Moreover, this interpretation is bolstered by the Eleventh Circuit opinion on which Napier relies for the "detrimental effect" standard. See Hill v. Dekalb Reg'l Youth Det. Ctr., 40 F.3d 1176 (11th Cir. 1994). In Hill v. Dekalb Reg'l Youth Det. Ctr., the Eleventh Circuit first said,

Cases stating a constitutional claim for immediate or emergency medical attention have concerned medical needs that are obvious even to a layperson because they involve life-threatening conditions or situations where it is apparent that delay would detrimentally exacerbate the medical problem. In contrast, delay or even denial of medical treatment for superficial, nonserious physical conditions does not constitute an Eighth Amendment violation.
Id. at 1187-88. Then, the Eleventh Circuit goes on to refer to "detrimental effect" as an additional means of determining when an Eighth Amendment violation is present:

The "seriousness" of an inmate's medical needs also may be decided by reference to the effect of delay in treatment. Where the delay results in an inmate's suffering "a life-long handicap or permanent loss, the medical need is considered serious." An inmate who complains that delay in medical treatment rose to a constitutional violation must place verifying medical evidence in the record to establish the detrimental effect of delay in medical treatment to succeed. Further, we have held that "[t]he tolerable length of delay in providing medical attention depends on the nature of the medical need and the reason for the delay." Consequently, delay in medical treatment must be interpreted in the context of the seriousness of the medical need, deciding whether the delay worsened the medical condition, and considering the reason for delay.
Id. at 1189-90 (alteration in original) (citations omitted). It is not altogether clear that the Sixth Circuit intended to adopt the "detrimental effect" standard as the only way to show that treatment delay was constitutionally serious, since it seems to adopt the whole "approach" and not merely the single "detrimental effect" standard of the Eleventh Circuit. Nonetheless, even assuming that Napier stands for the proposition that "detrimental effect" is the only way to show a constitutionally serious treatment delay, Napier does not stand for the proposition that "detrimental effect" is only residual handicap or loss caused by treatment delay, as evidenced by its own reference to whether the delay increased mortality or morbidity.

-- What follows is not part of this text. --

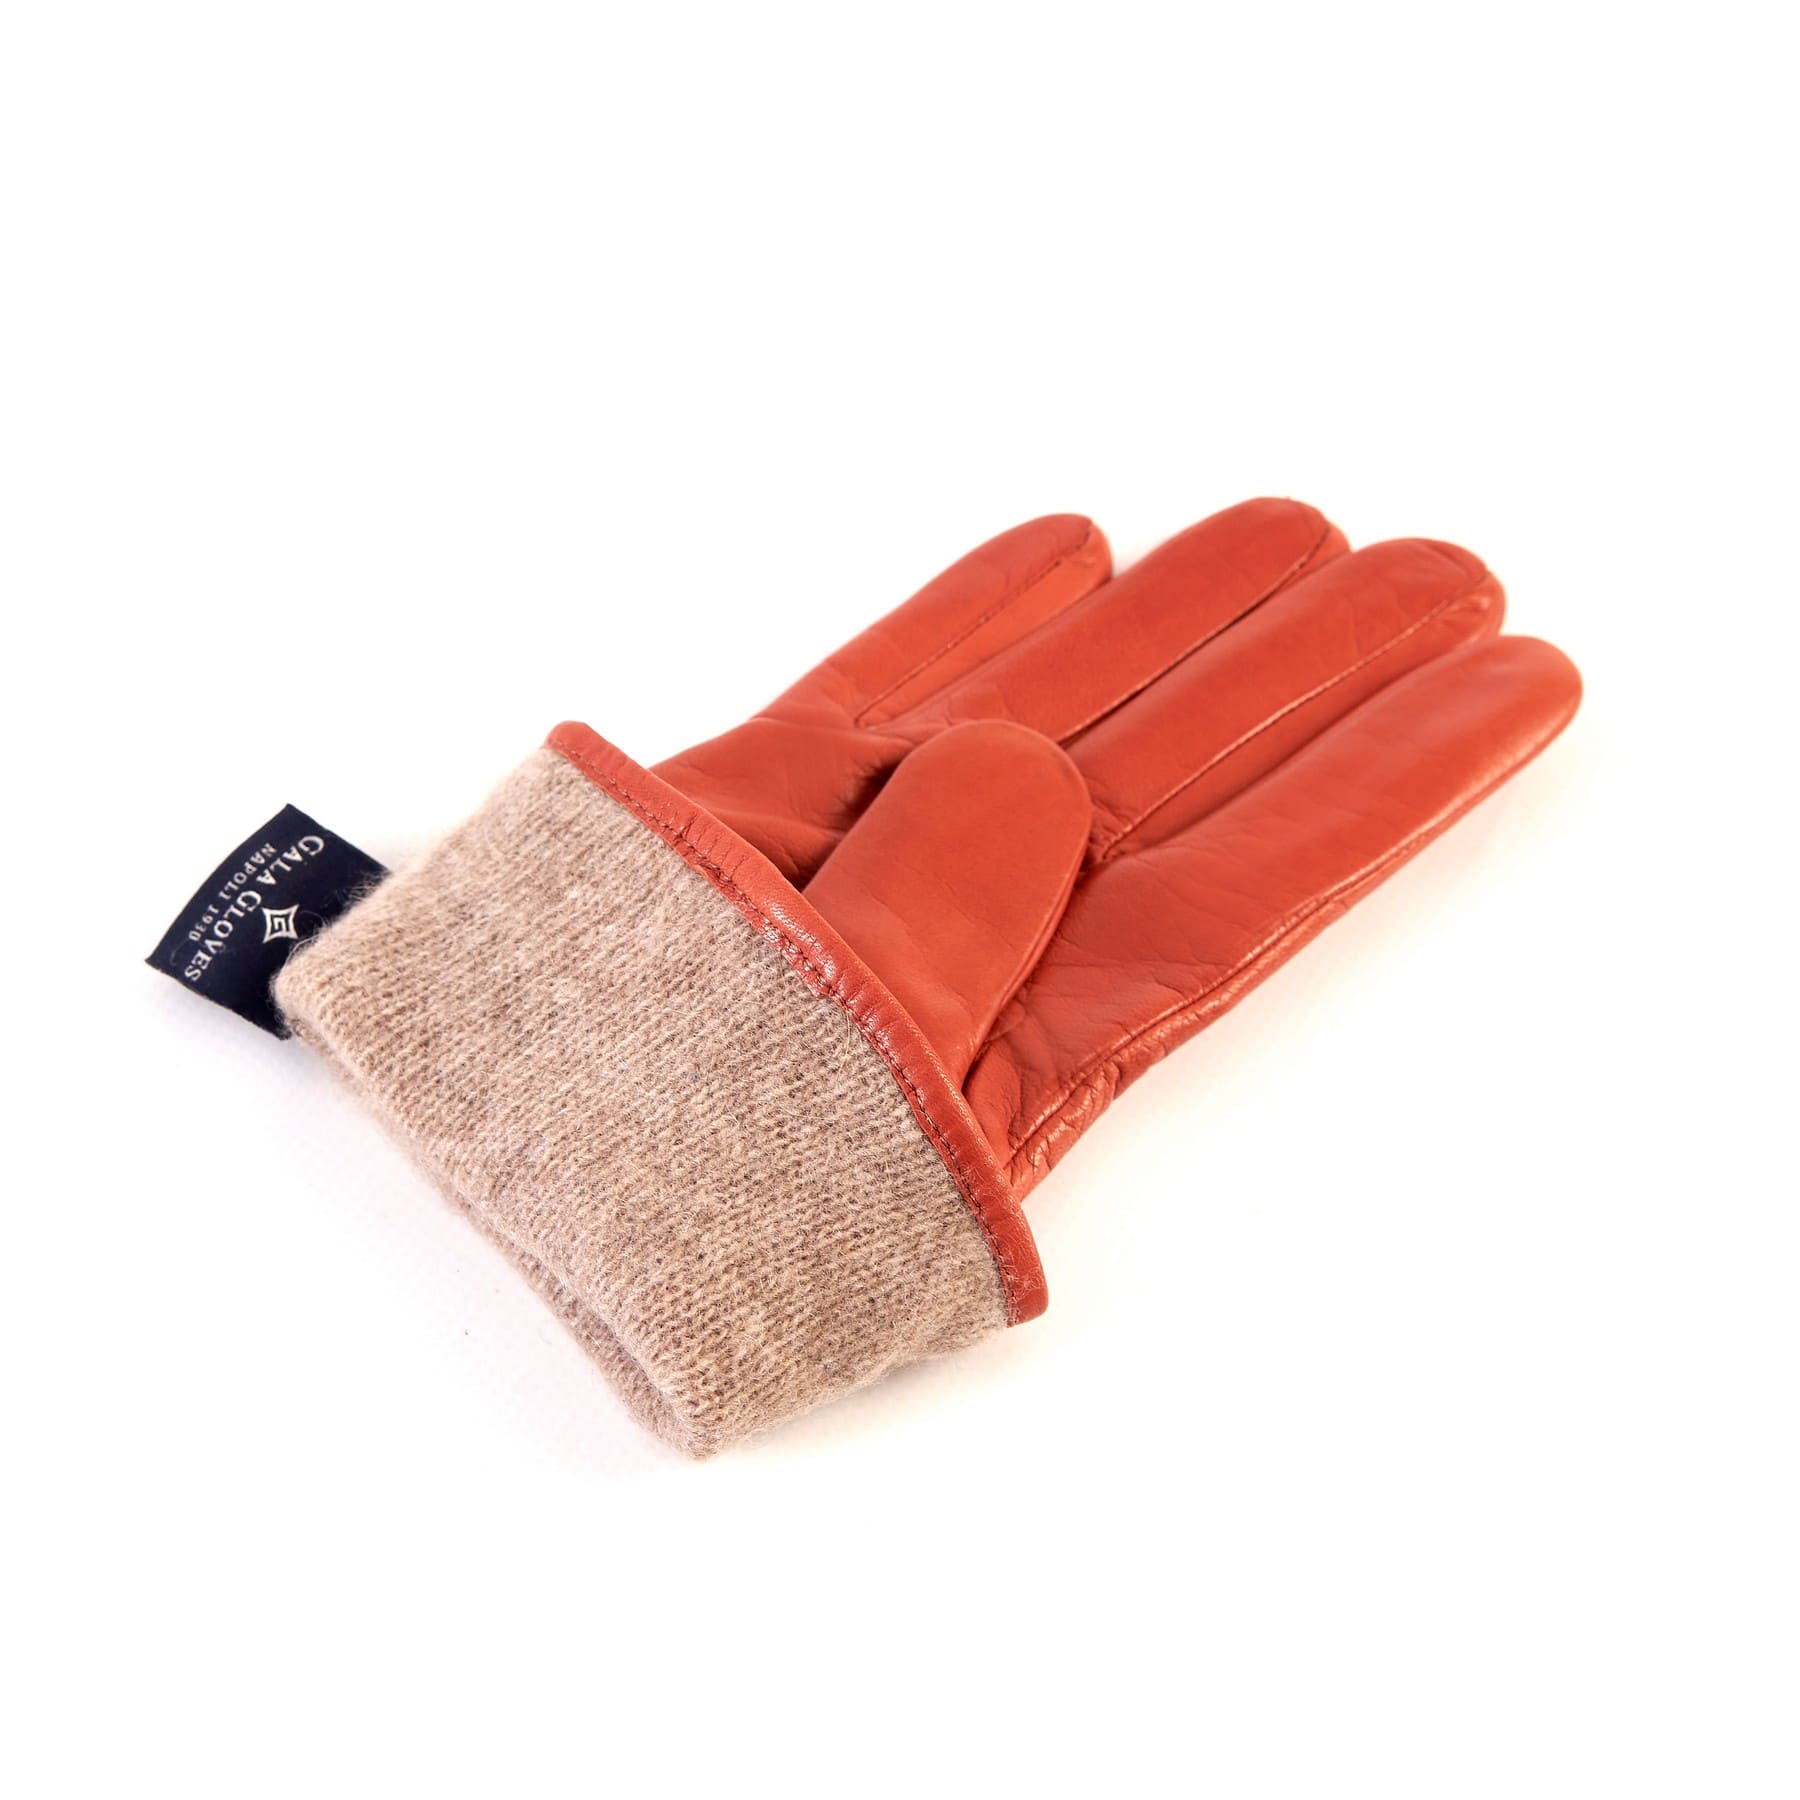 Women's orange nappa leather gloves with suede panel insert on top cashmere lined

The cases to which Hill v. Dekalb Reg'l Youth Det. Ctr. and Napier cite from the First and Third Circuits also demonstrate that "detrimental effect" includes other detrimental effects besides handicap or loss from the delay in treatment. It can be inferred from the First Circuit case that sufficient exacerbation of the injury or illness due to the delay can be "detrimental effect." Cf. Gaudreault v. Municipality of Salem, Mass., 923 F.2d 203, 208 (1st Cir. 1990) (arrestee who was treated on next day for bruises and abrasions received while being taken into custody was not subject to "detrimental effect" in treatment delay because there was "nothing in the record to suggest that Gaudreault's injuries were exacerbated in the slightest"). In addition, the Third Circuit, citing Estelle v. Gamble, 429 U.S. 97, 103 (1976), listed "unnecessary and wanton infliction of pain" as an example of possible detrimental effect other than handicap or loss that makes delay in medical treatment serious for purposes of the objective component of a § 1983 action. See Monmouth County Correctional Inmates v. Lanzaro, 834 F.2d 326, 347 (3d Cir. 1987).

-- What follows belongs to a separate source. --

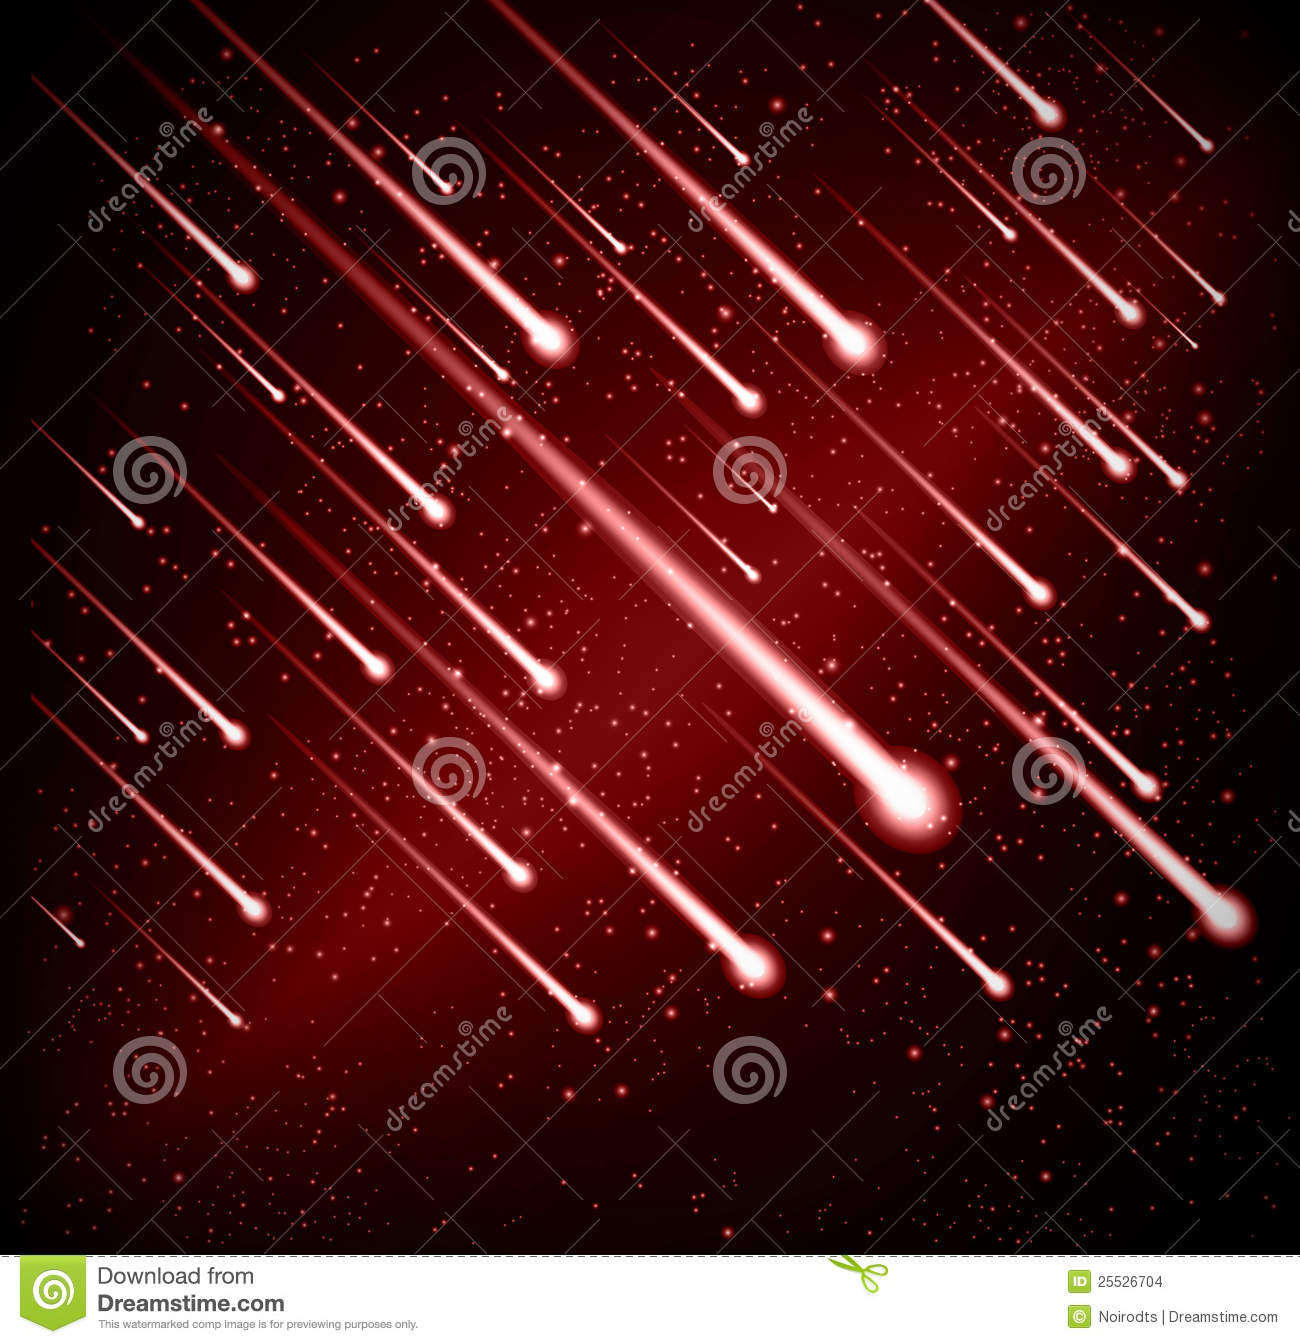 Meteor Shower clipart #12, Download drawings

The Monmouth Court held that requiring pregnant inmates seeking non-therapeutic abortions to first satisfy a procedure creating burdensome delays and ignoring periods of gestation was enough to implicate a serious medical need of the inmates because of the detrimental effects of being forced to carry unwanted pregnancies to term, including, among many other effects, increase in risk of death, physical discomfort and psychological pain. Cf. id. at 349.

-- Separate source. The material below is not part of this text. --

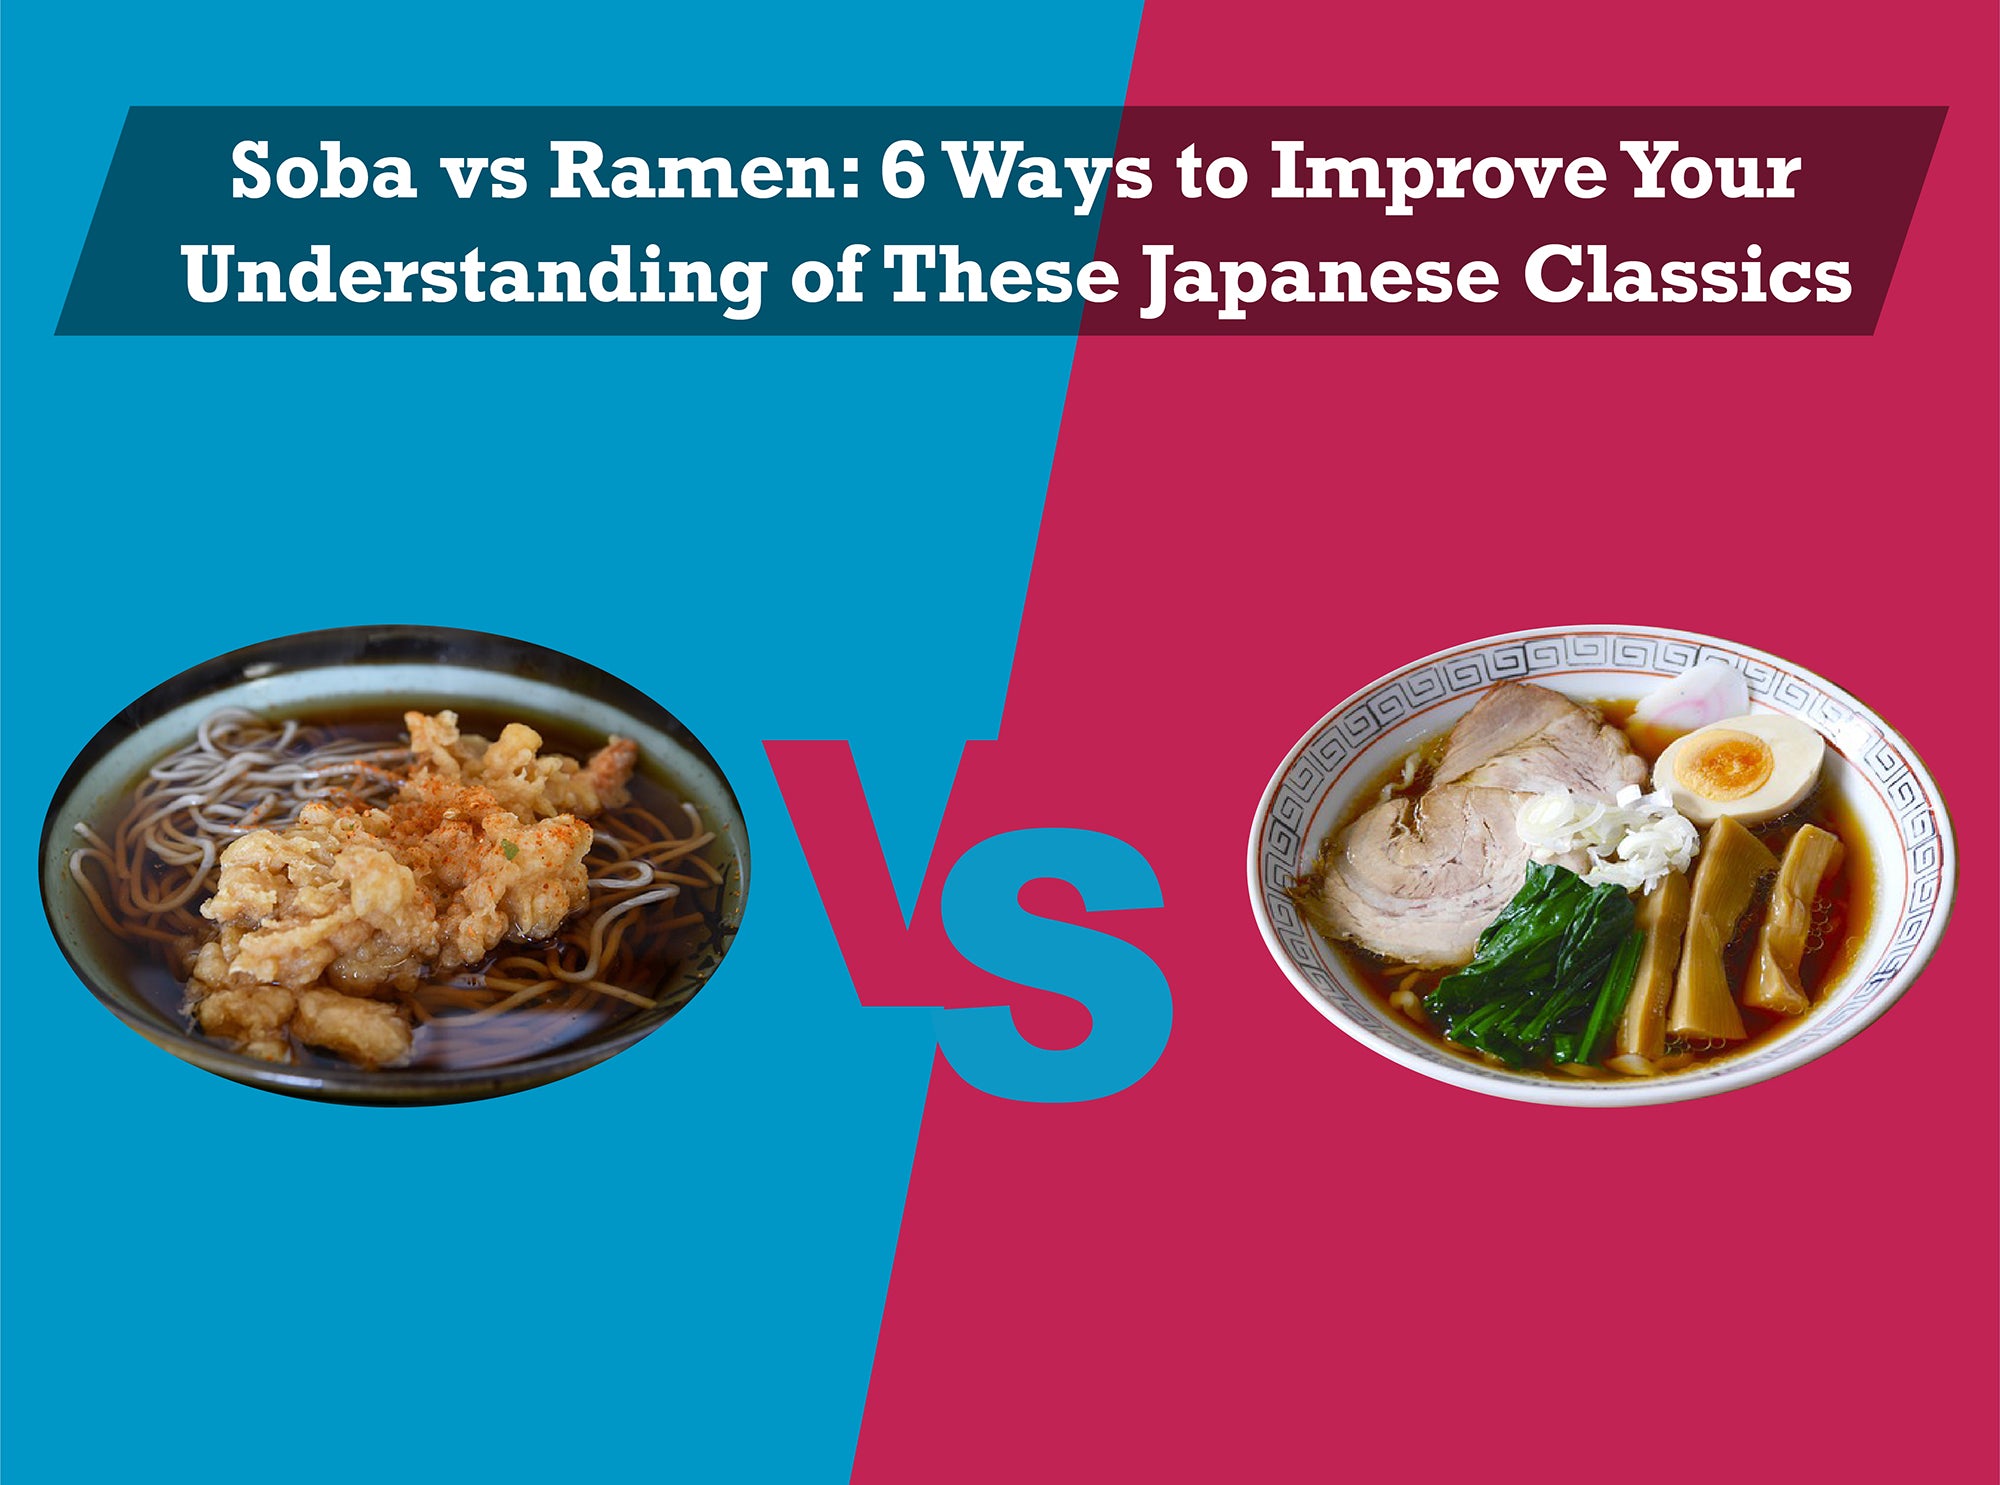 Soba vs Ramen: 6 Ways to Improve Your Understanding of These Japanese Classics

This Court finds that, considering in a light most favorable to Plaintiff the facts alleged and inferences that a reasonable jury could draw from those facts, Plaintiff has shown sufficient evidence of "detrimental effect." Even under Napier, as discussed above, "detrimental effect" in this case could include an exacerbation of the tonsillitis or of Plaintiff's preexisting conditions, especially where it caused a constitutionally unacceptable increase in Plaintiff's morbidity or health risk. Dr. Dick, Defendant's medical expert, testified there was no evidence of exacerbation of the condition as a result of delay. But a jury could reasonably infer exacerbation of the condition as it existed on June 19 from other evidence presented by Plaintiff, like the fact that Plaintiff alleges the condition worsened until Plaintiff began vomiting blood and needed to be taken to a local emergency room in September. The jury could also infer bias in Dr. Dick's testimony and in her opinion of Plaintiff's condition based on her position as Defendant's expert. On the issue of whether Plaintiff's morbidity increased because of the non-treatment, a jury could infer such an increase from Dr. Dick's other testimony that untreated bacterial tonsillitis can lead to much more serious conditions and that Plaintiff's health risk from tonsillitis was increased even further because of his preexisting conditions. See Dkt. 87, Ex. A, p. 41, lines 15-17; p 43, lines 5-16; p. 44, lines 10-17.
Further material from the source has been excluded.